In litigation, the relationship between expert and instructing solicitor is an important one. I have preached in many previous articles about the need to choose your expert with care, and not to tell the trainee to get the cheapest at the latest possible date but choose yourself an expert who is both excellent at their basic profession, but also who has taken the trouble to learn how to become a member of the second profession of expert. And if it goes wrong, it can be catastrophic. See a couple of examples in my previous blogs:
And there are plenty more morality tales on my website.
See this, from the second blog above:
The expert should be chosen carefully; it is not good enough to go for the cheapest, or the one who can take up your instructions at the last minute, the implication being that they have nothing else to do. Don’t leave the job to a junior. It is usually helpful to choose your expert early so that he can help you weed out the hopeless cases or pyrrhic victories, or help you with ADR. And it is good to have a working relationship with an expert who will look at any case without obligation, and without charge, if the matter does not proceed; one of my standard terms.
The working relationship
Whilst I am the first to admit that my position is inferior to the solicitor’s, I do have an important part to play, starting with the initial review without obligation, where I will look at the key documents and give the solicitor my notes on how I would proceed, and what it is likely to cost. If we don’t go forward together, there is no charge (and no sulking!). But as we do go forward, I am available to play an active part – if invited – in Part 36 offers, mediations, security for costs applications, and so on. But I must be properly instructed. This is from my engagement letter, to be countersigned by the solicitor. No signature, no report!

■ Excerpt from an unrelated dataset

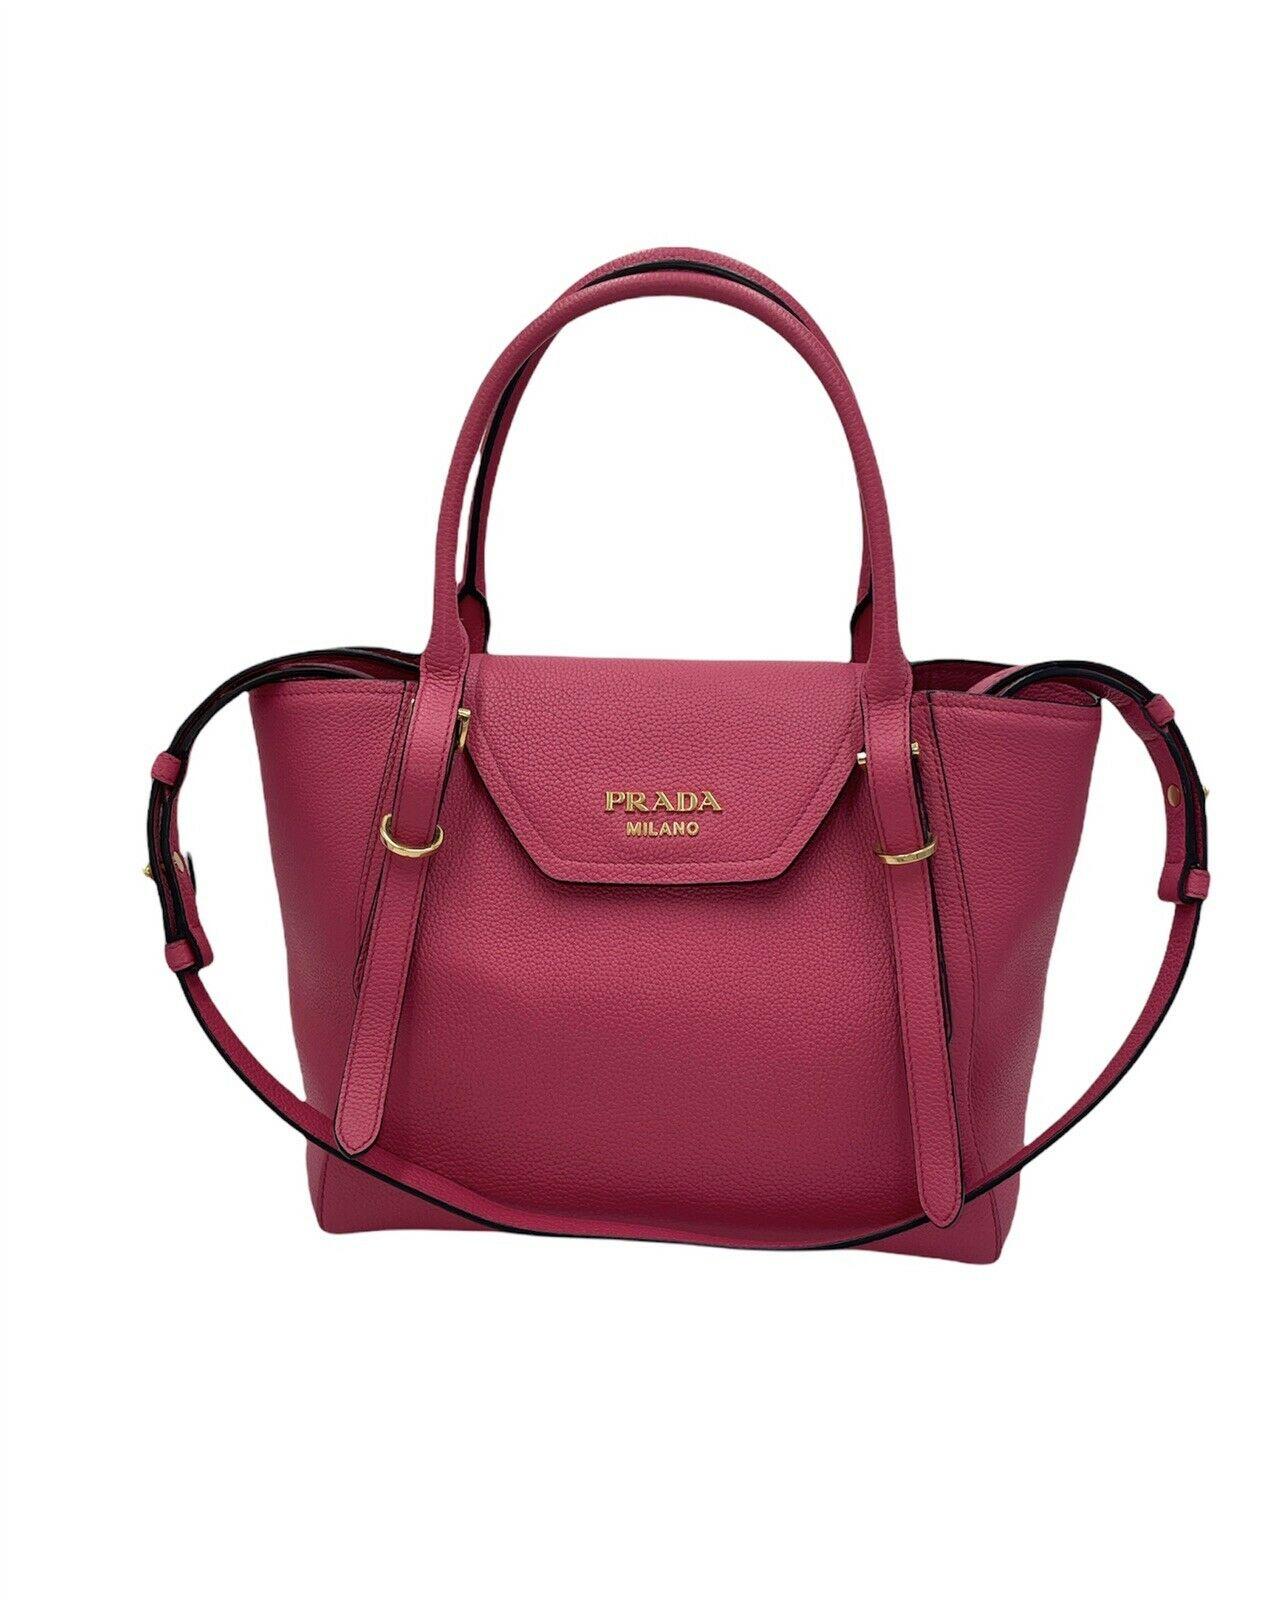 PRADA Vitello Grain Magenta Pink Top Handle Crossbody Handbag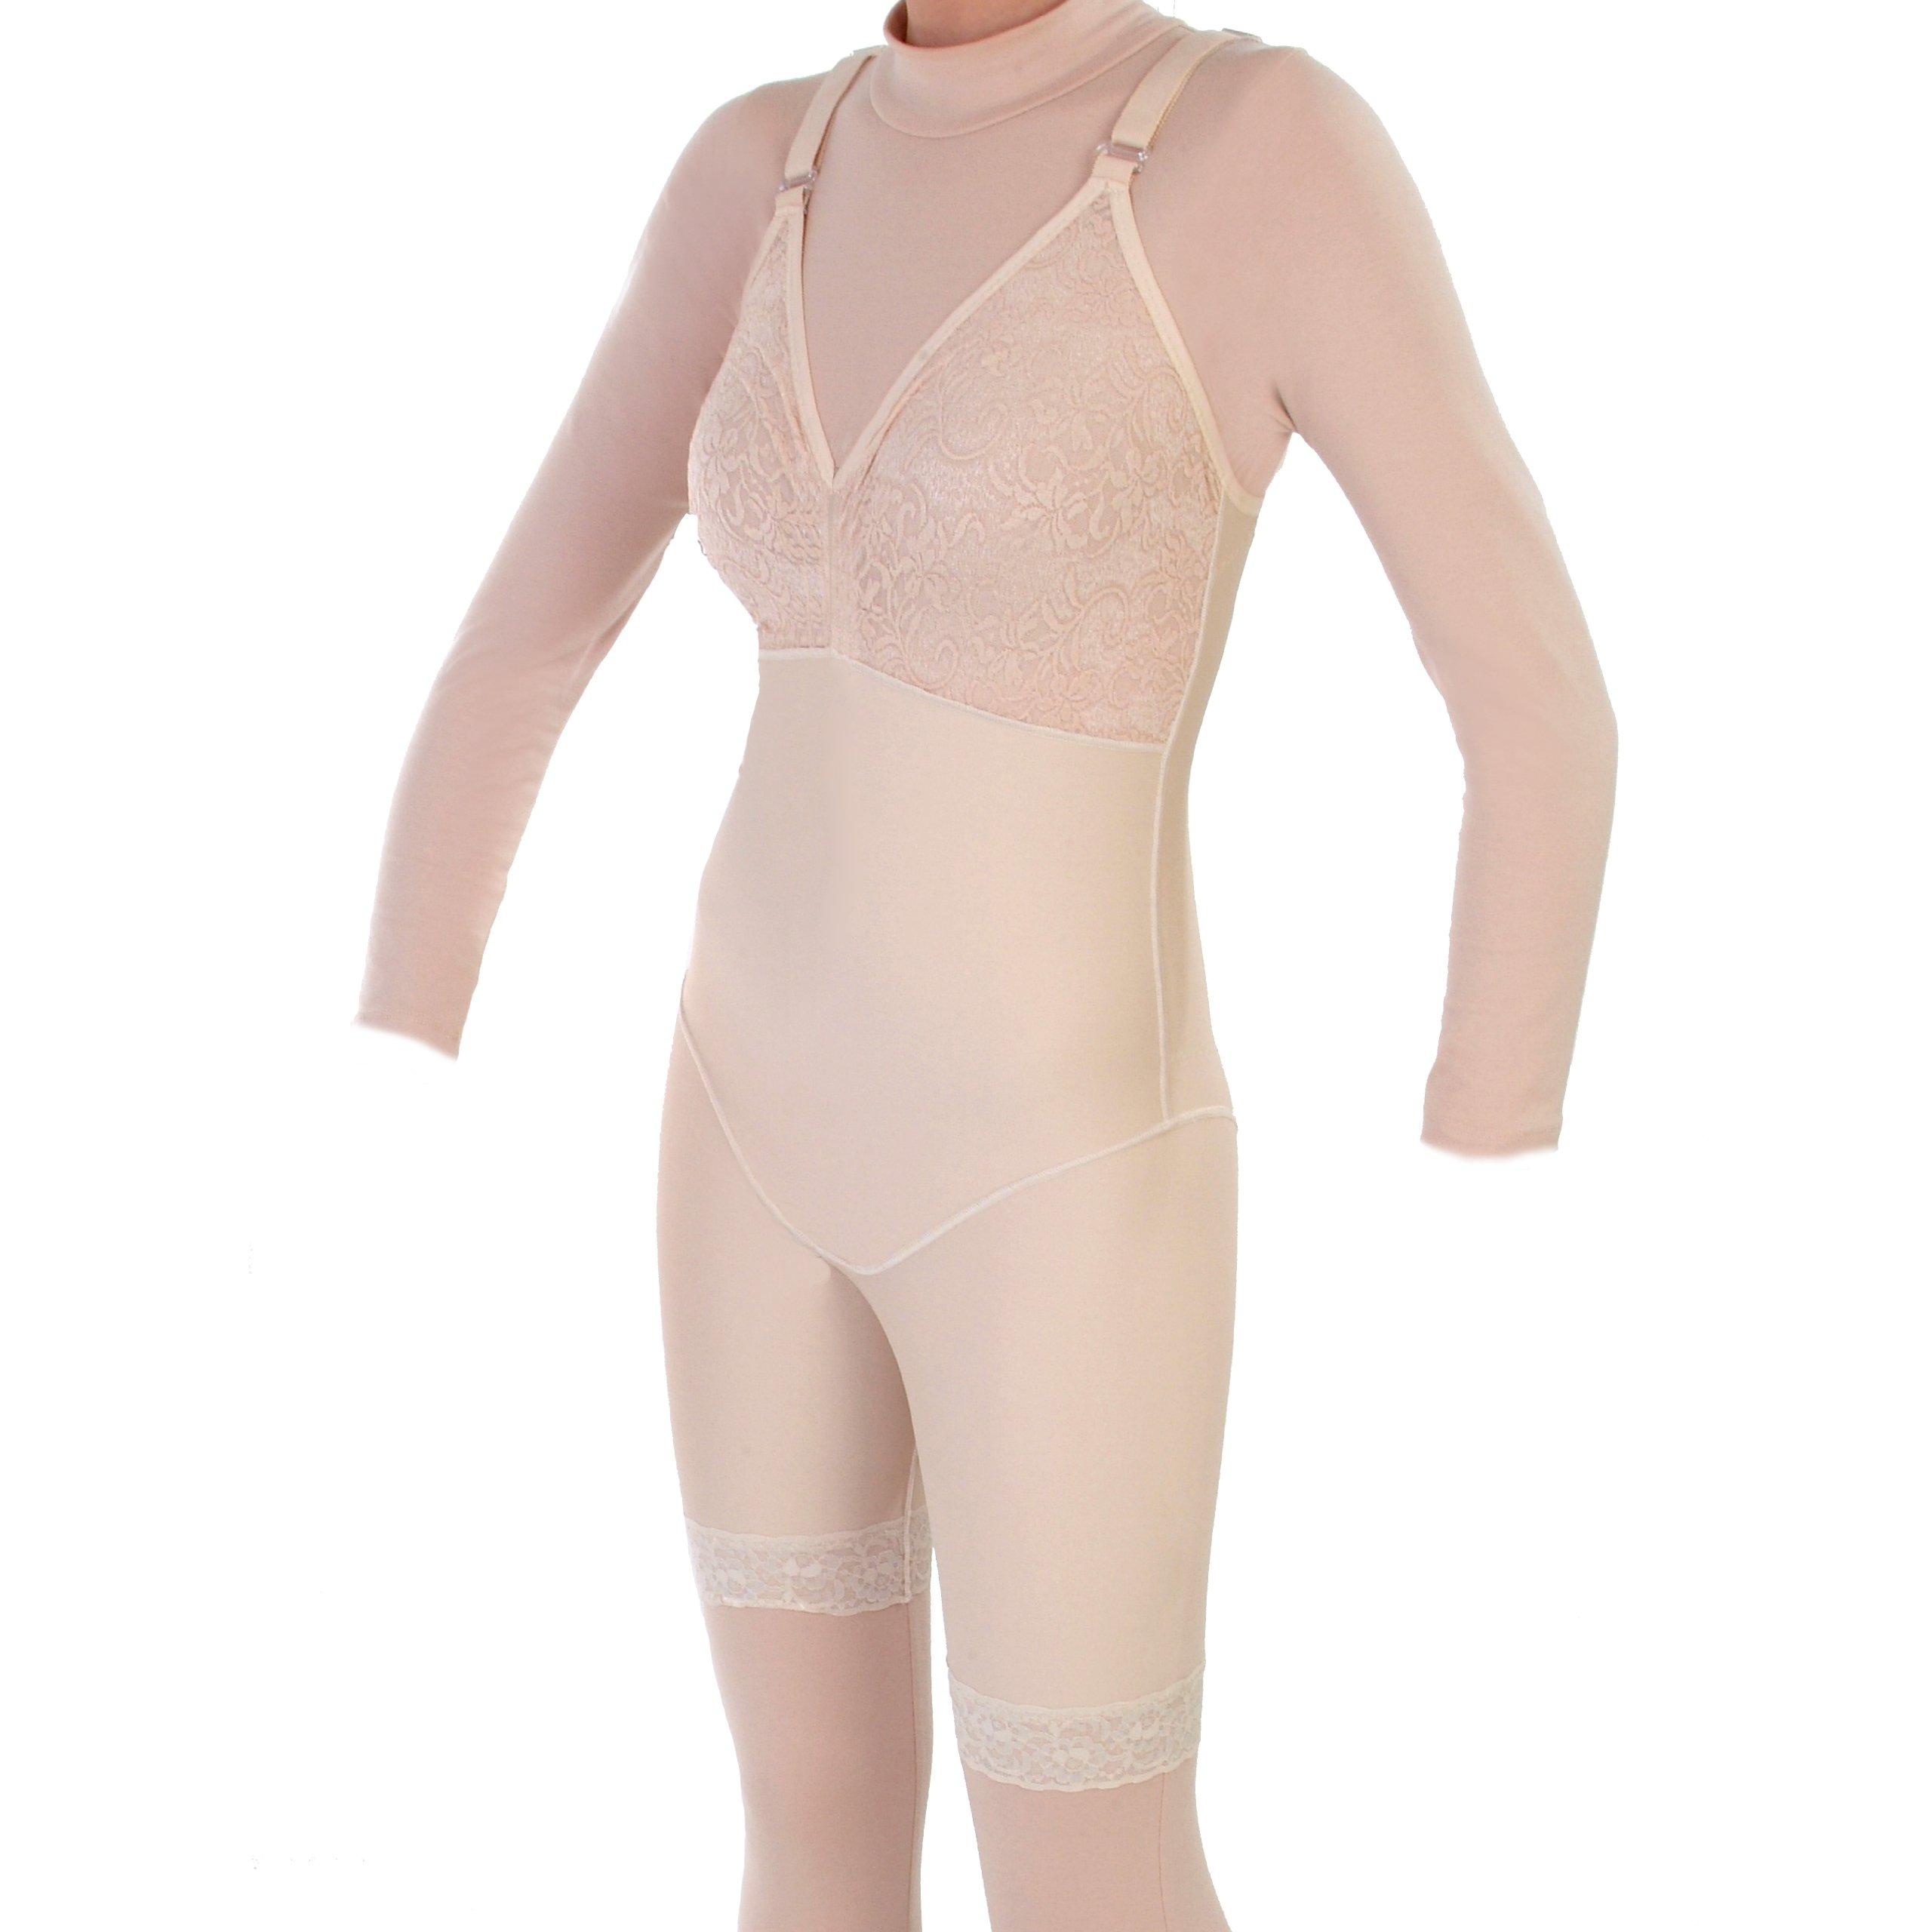 Style 27BNZ - Mid Thigh Shaper Bra Top No Zip by Contour | Compression Garments | ContourMD (Medium, Beige)

So that I can deal effectively and efficiently with your instructions, I emphasise that it is your responsibility as the instructing solicitor to:
- Keep me informed regularly about any deadlines and any timetable for the proceedings and to provide me with any order or notice making any provision in relation to expert evidence;
- Ensure that I am provided with copies of all documents, statements of case and witness statements that are relevant to the issues I have been asked to consider;
- Consult with me when applying for a hearing date, so that I can advise you of any dates when the expert is unavailable, and give us as much notice as possible of the allocated date of any Court hearing;
- Advise me when my report has been disclosed to the other party to the action and give me the opportunity to consider and comment upon other reports which deal with the same issues;
- Keep me informed of the progress of the action, including any amendments to the stated case relevant to my expert opinion.
I’m sure you will agree that this is no more than good housekeeping.
But what if your expert cannot or will not continue?
This leads us to the recent Leeds County Court case of Sajid Hussain -v- QIC Europe Ltd.
Very briefly, Mr Hussain had some cavity wall insulation done at his home. It was defective, and he claimed £59,000 in damages. The contractor had gone into creditors’ voluntary liquidation, and the defendant was the PL insurer. None of that really matters at present.
The relevant matter is that the claimant’s expert was a Mr Robert Muir, who obtained a post in Saudi Arabia and said he was no longer able to continue as expert. I have to say I find this surprising; whilst I never had to give expert evidence by video in pre-covid days, I have been at hearings where other experts gave evidence by video from Iran or Majorca. And these days, we have all become accustomed to providing evidence, and even the whole hearing, by virtual means.
In Hussain, DJ Bond referred to three cases:
- In Edwards-Tubb -v- JD Wetherspoon PLC  Hughes LJ said: “It will often, perhaps normally, be proper to allow a party the option, at his own expense, of seeking a second opinion.”
- In Adams -v- Allen & Overy  Foskett J said that the expert’s unwillingness to continue “…constitutes a good reason why [the party] should not want to call him. His reasons are a matter for him, and I am not convinced he has to justify himself.”
- In Murray -v Devenish  Gross LH said “…ordinarily a party will not be deprived of his or her expert of choice and will not be forced to rely on an expert in whom that party has lost confidence, but expert shopping is to be and will be discouraged.”
So, barring expert shopping, it seems the courts are quite relaxed about allowing a change of expert.
So what happened in the present case?
DJ Bond did allow the claimant to change expert, for these reasons:
- Mr Muir’s reasons for wanting to stand down were unconvincing, but he went to considerable lengths to justify his decision, and it was quite apparent that he did not want to act.
- The defendant had had no engagement with Mr Muir.
- There would have been logistical difficulties in bringing an unwilling Mr Muir before the court from Saudi Arabia.
- The ultimate objective in all cases is to try cases justly. In the present case, things were at an early stage, there would be no adverse effect on the court’s timetable and the defendant may be subject to extra expense in responding to a new expert’s report, but that could be compensated for in costs. If the application to replace Mr Muir had been rejected, that could have left the claimant with an unwilling expert or no expert at all, on matters which were central to the case.
So we go back to the first principle, CPR 1.1 that the court has the overriding objective to deal with cases “justly and at proportionate cost.”
But I still return to my recurring theme, that solicitors should choose their experts with care. And an indication that the chosen expert is likely to remain in the UK for the duration of the case is always helpful!